It was further submitted that the two Acts aim at enhancing the enjoyment of freedom of expression as enshrined in article 20 of the Constitution; and that the two Acts should not be construed in a manner that tend to abrogate the enjoyment of freedom of expression. The case of Resident Doctors Association of Zambia and Others V Attorney-General9 was relied upon in support of this proposition.

Finally on ground one, Dr. Matibini urged us to apply the "principle of legality" as applied in the United Kingdom that as a rule of Statutory Construction, Statutes must be construed in such a manner as to avoid impinging upon fundamental rights (see cases of Regina V Secretary for the Home Department Exparte Simms10 and Thomburn V Sunderland City Council11

In his oral response apart from repeating his written heads of argument, Dr. Matibini agreed with the learned Attorney General that the gist of the appeal turns around the construction of Section 7(2) of Act No. 17 and Section 4(2) of Act No. 20; and that at the heart of the controversy was whether or not the Minister is empowered either to accept or reject recommendations by the Adhoc Appointments Committee.

Counsel pointed out that by this appeal; this court was invited to discover the intention of the legislature. He also pointed out that there are aids or tools in embarking on this journey. Counsel referred us to the cases of Attorney-General V Chipango; Shamwana V Attorney-General and Attorney-General V Lewanika.

Dr. Matibini contended that the propositions to be distilled

from the authorities are:-

(i) If the words of a statute are precise and unambiguous then no more is necessary to interpret those words, they should be given their natural meaning.

(ii) The literal and grammatical meaning should be preferred where there is nothing to indicate or to suggest that the language should be understood in any other sense.

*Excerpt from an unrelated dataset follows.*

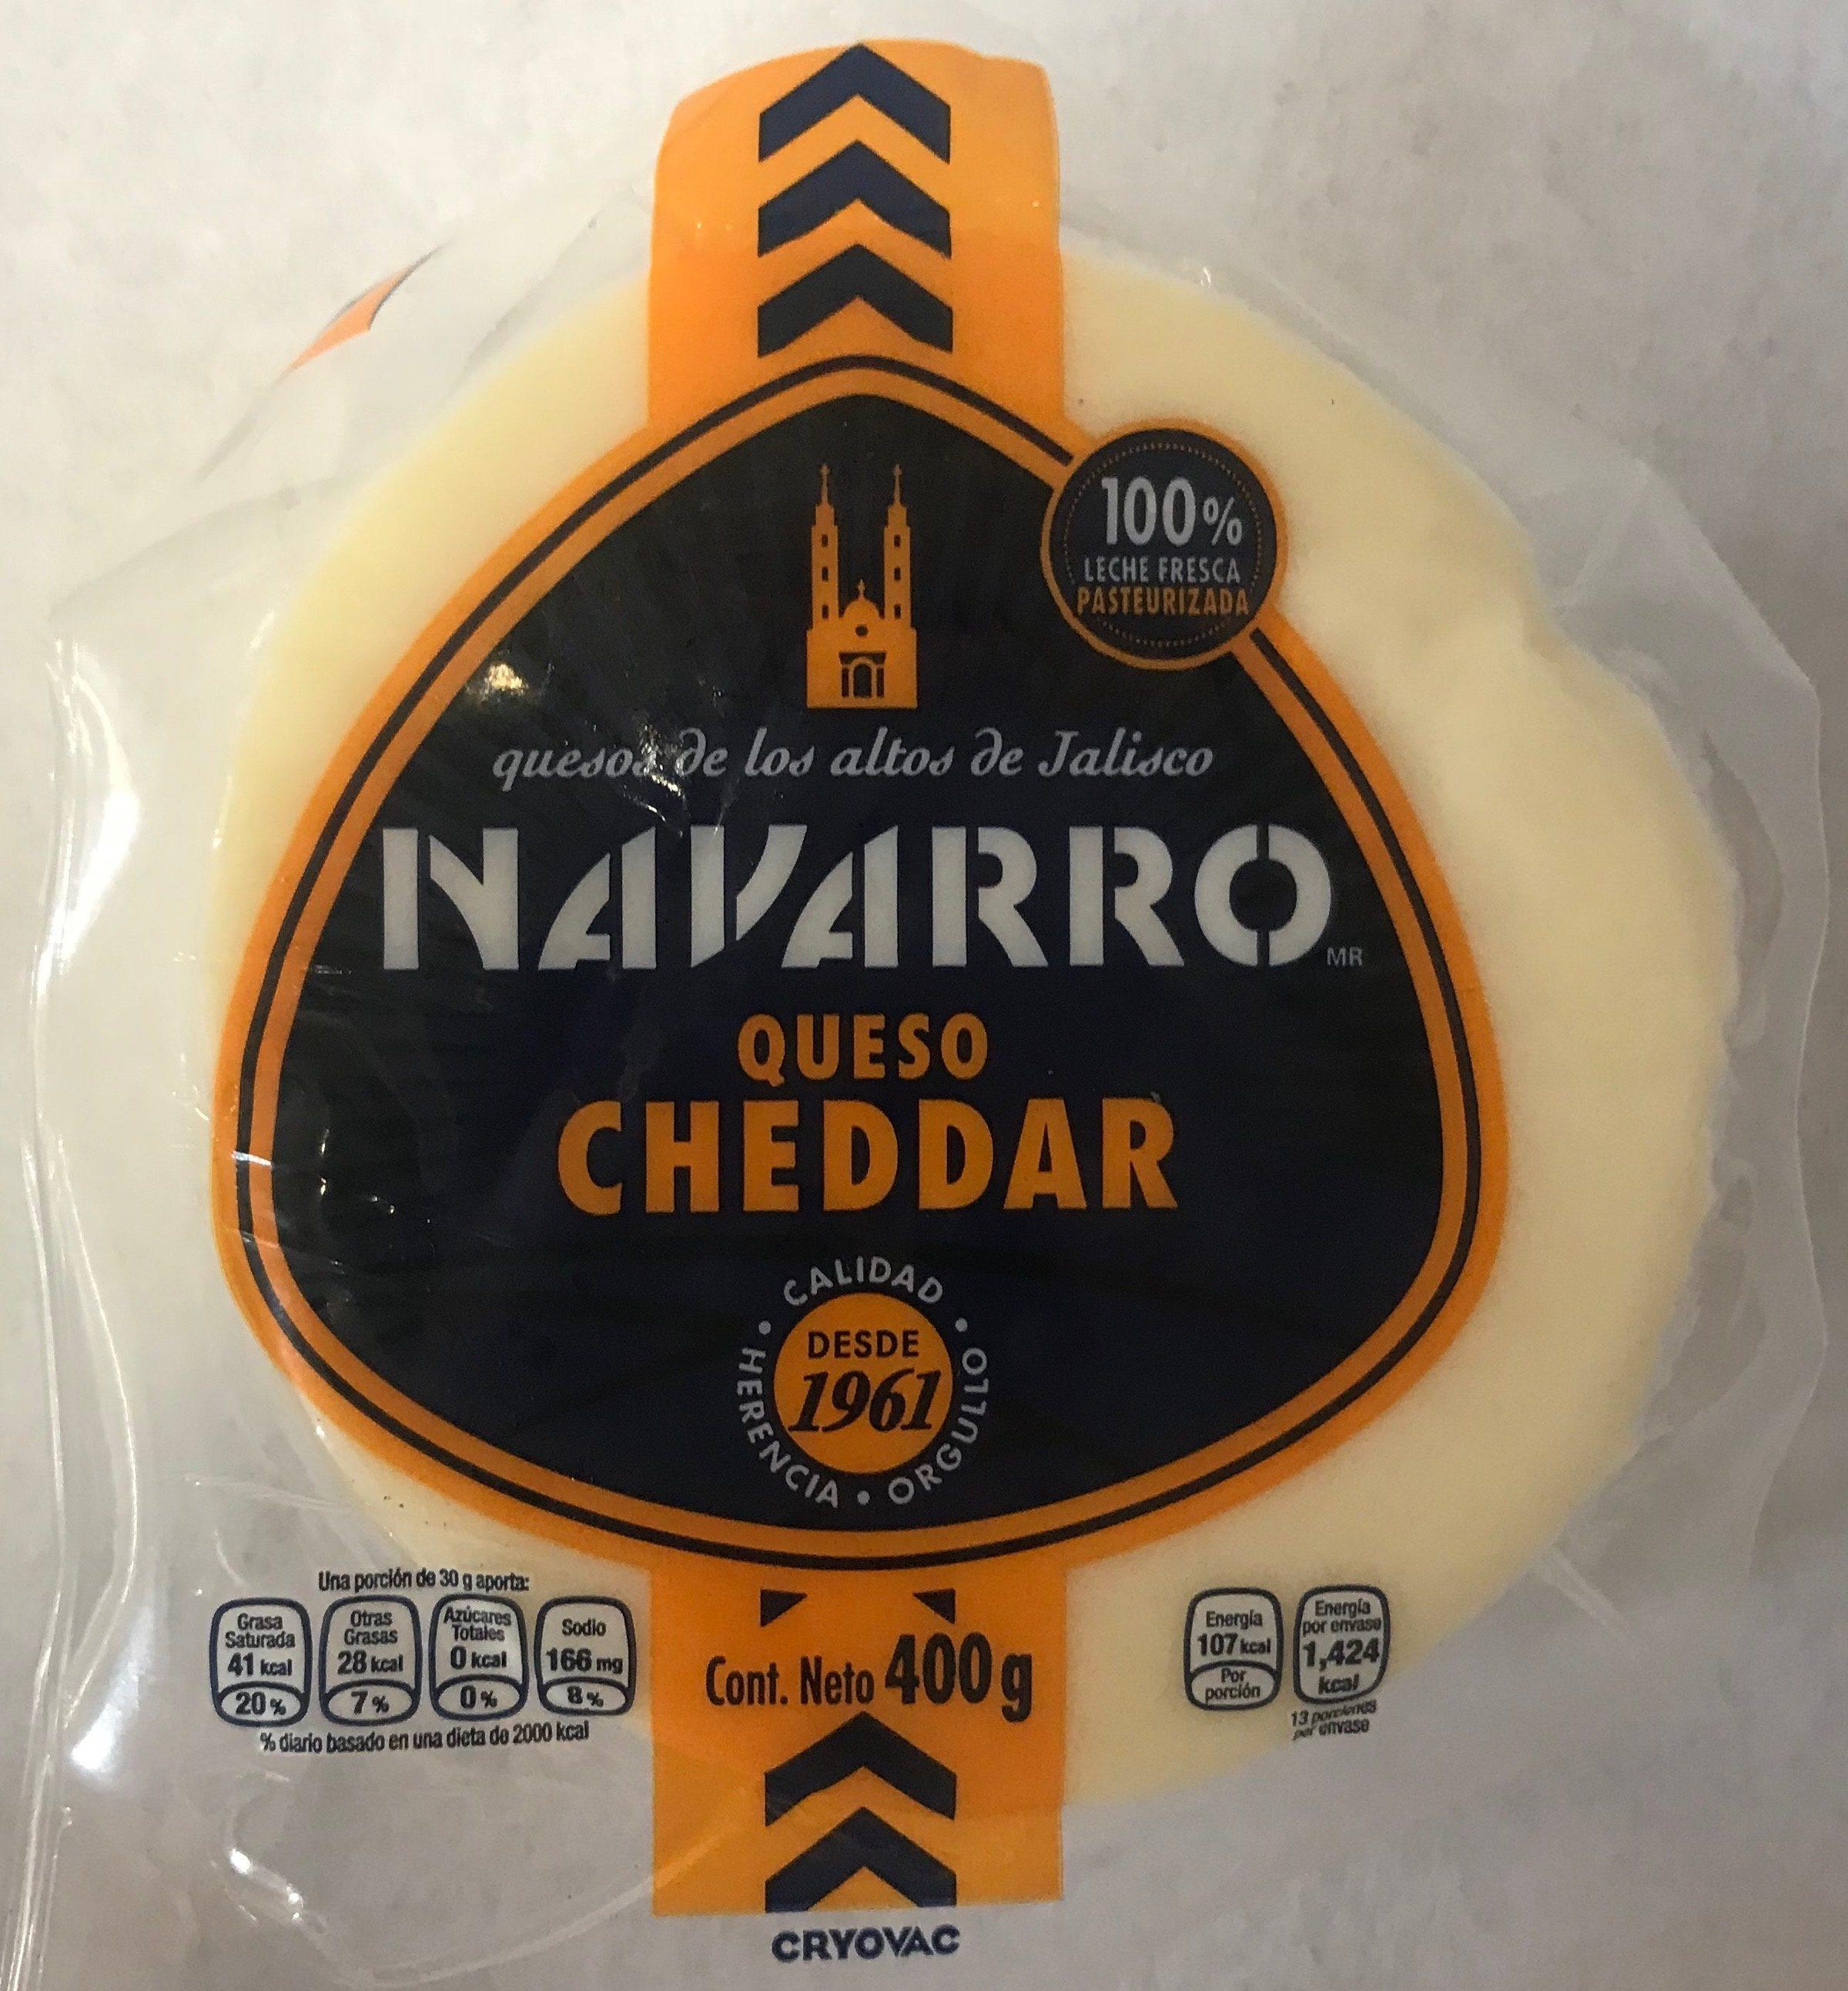 Queso Cheddar Navarro - Product - es

(iii) That it is only if there is ambiguity in the natural meaning of the words and the intention of the legislature cannot be ascertained that recourse can be had to other principles of interpretation.

(iv) That the courts of law whose duty it is to interpret the law have no right to introduce glosses or interpolation in the meaning of the law.

(v) That it is the duty of the courts of law to discern the real intention of the legislature by carefully attending to the whole scope of the statute to be construed.

Dr. Matibini submitted that if it was the intention of the legislature to clothe the Minister with power to reject or modify the recommendation of the Adhoc Appointments Committee, it would have said so in unequivocal manner. He invited the court to visit Section 17(2) of the Legal Practioners Act, Cap 30 of the Laws of Zambia in relation to the appointments of State Counsel.

The summary of the short written responses to ground two by Dr. Matibini is that the English decision referred to by the learned Attorney-General was not binding, but that we have our own binding decision on the point within the Zambian jurisdiction. Dr. Matibini contended that in the context of this matter, the learned trial Judge observed that although he did not find any ambiguity or absurdity in the law that provides for the method of appointment of the members of the two Boards, he noted, obiter dicta, or in passing, that the position in Zambia was somewhat different from that which gave rise to the decision in R. V. Secretary of State, exparte Spath Holme and in Pepper and Inspector of Taxes V Hart12, Counsel pointed out that in the Zambian context in the case of Chiluba V Attorney-General13 in an application for Judicial Review, the trial Judge observed that the Hansard was allowed on record in both the High Court and the Supreme Court. Counsel submitted that in view that the remarks of the trial Judge in the court below were obiter dicta, it was really otiose to press the issue further.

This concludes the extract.